Data section —
□ □ □ □

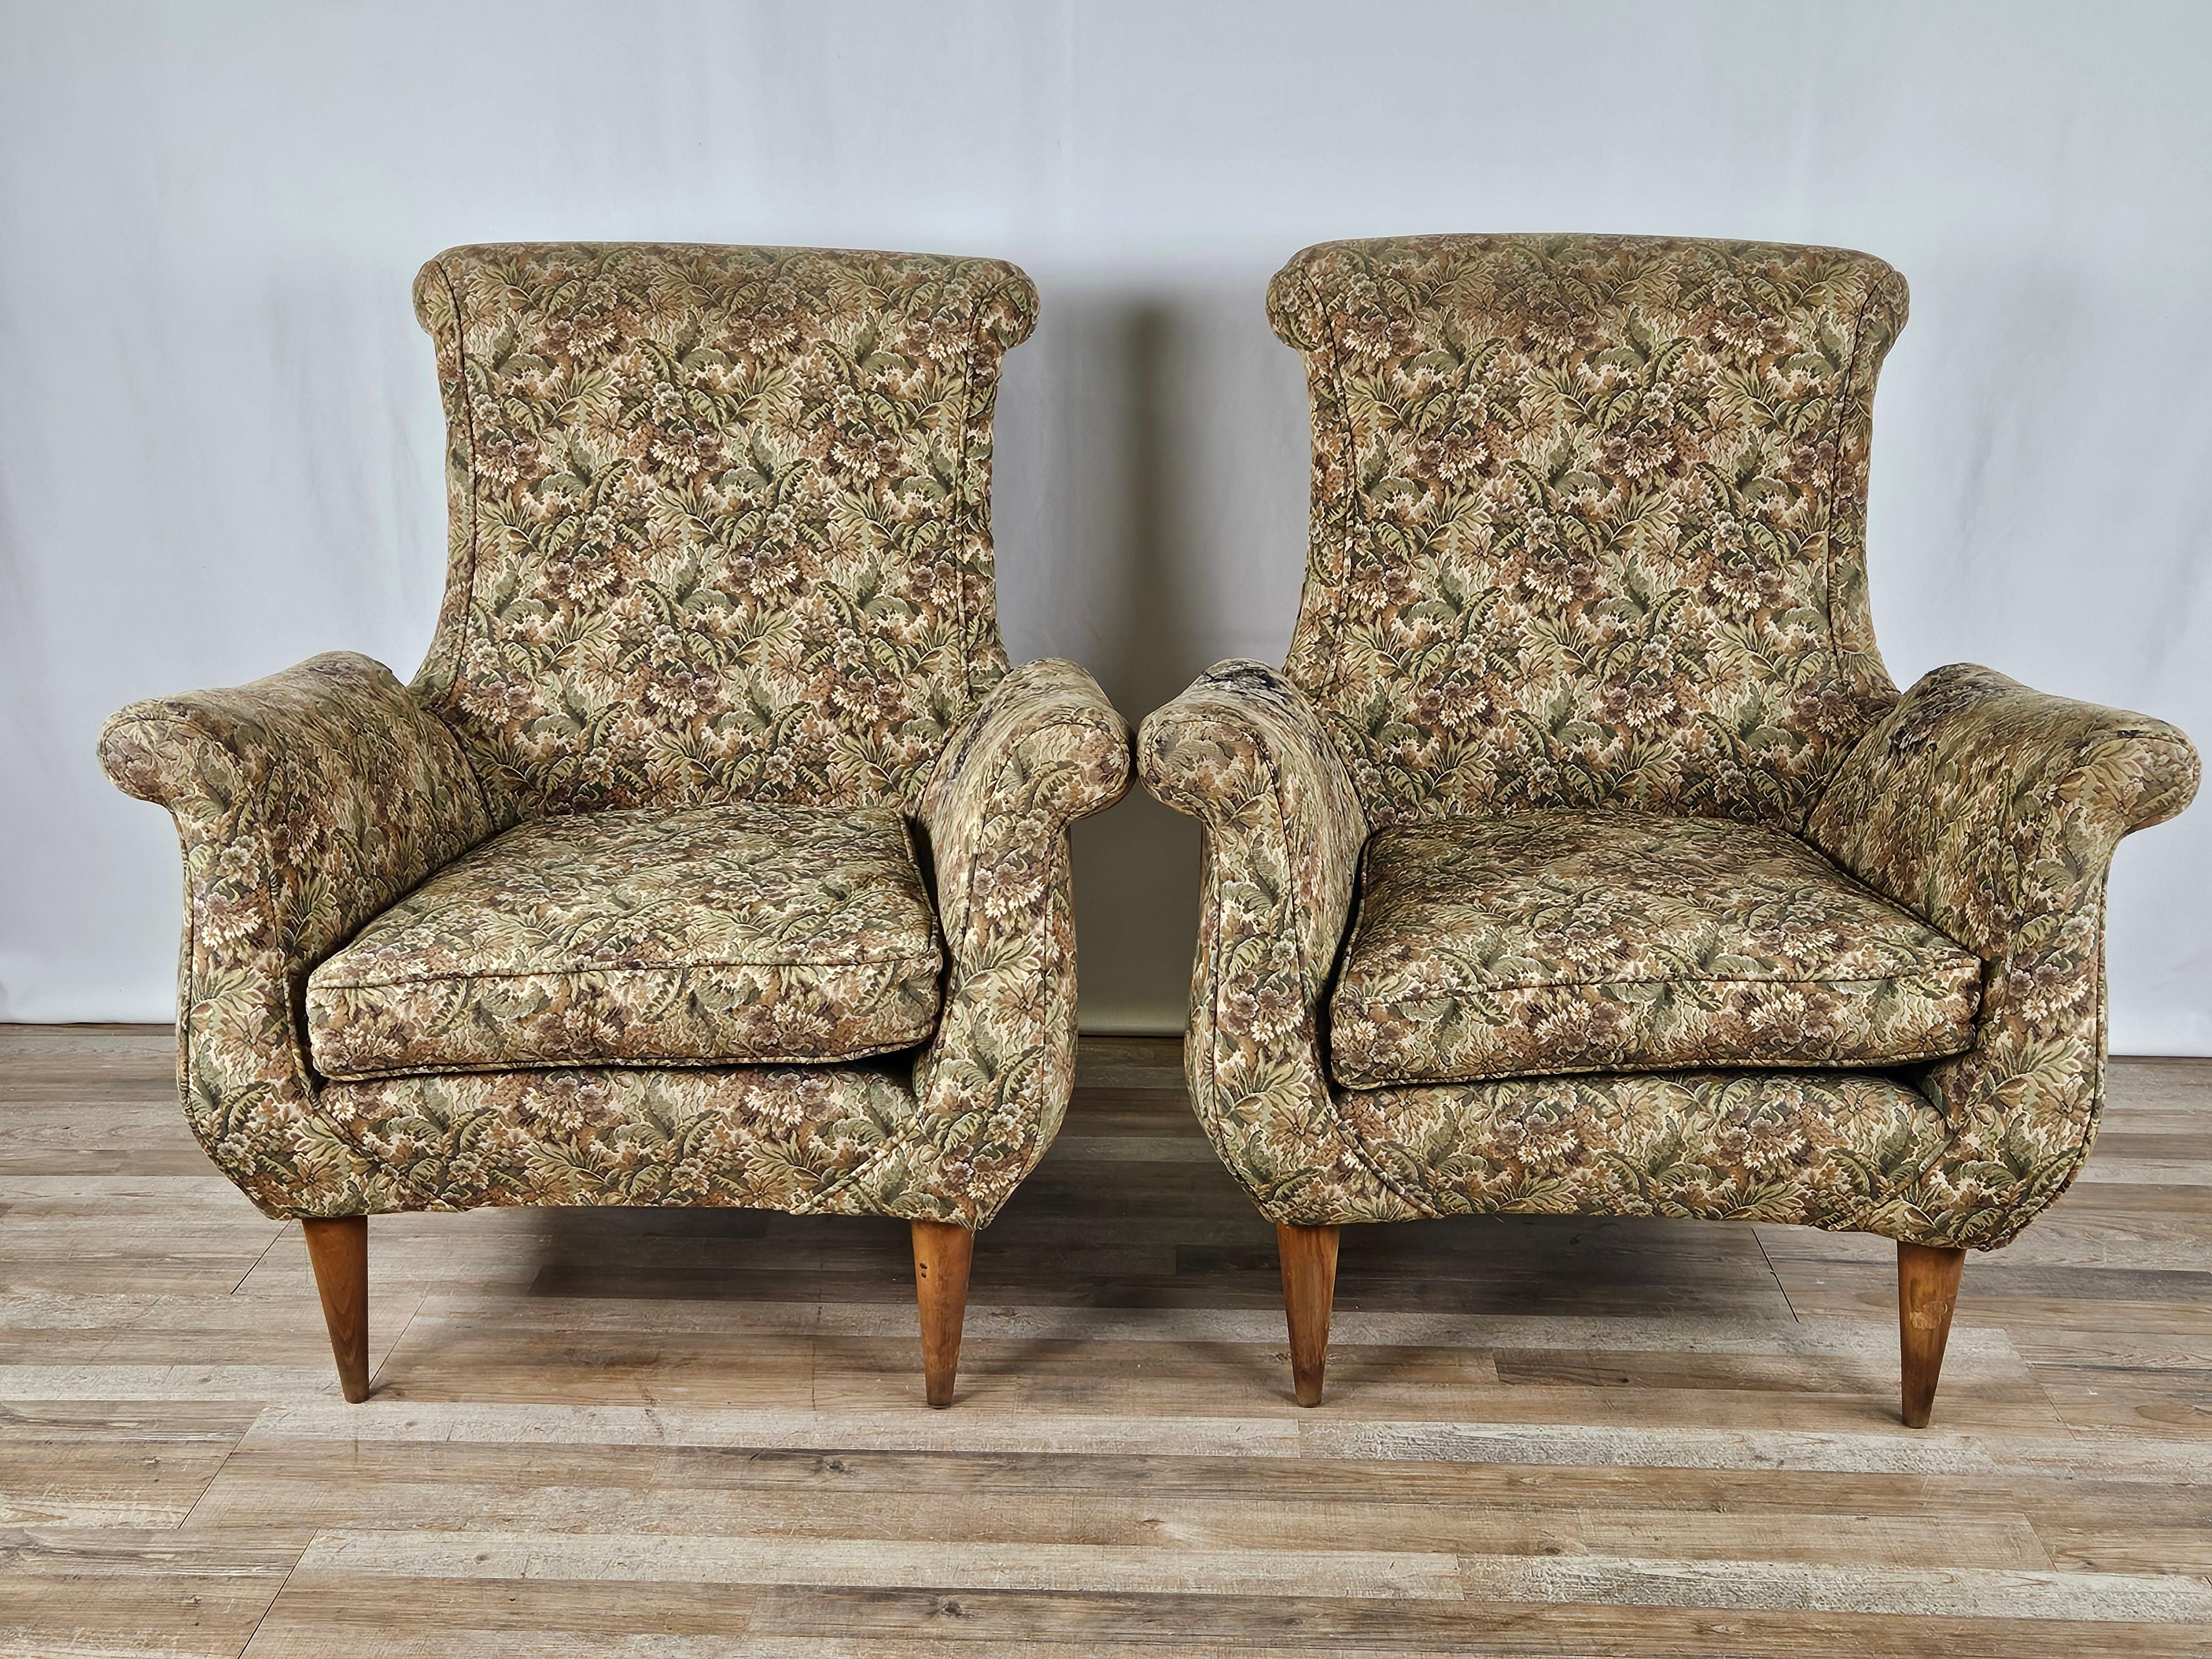 Large 1970s Italian modern antique armchairs with upholstered cushion and wooden feet.

Sound structure and sturdy chair.

The fabric needs to be replaced as pictured.

□ □ □ □

Task objective —
Except for the pictures, give the data again word for word.

Task solution —
 Large 1970s Italian modern antique armchairs with upholstered cushion and wooden feet.

Sound structure and sturdy chair.

The fabric needs to be replaced as pictured.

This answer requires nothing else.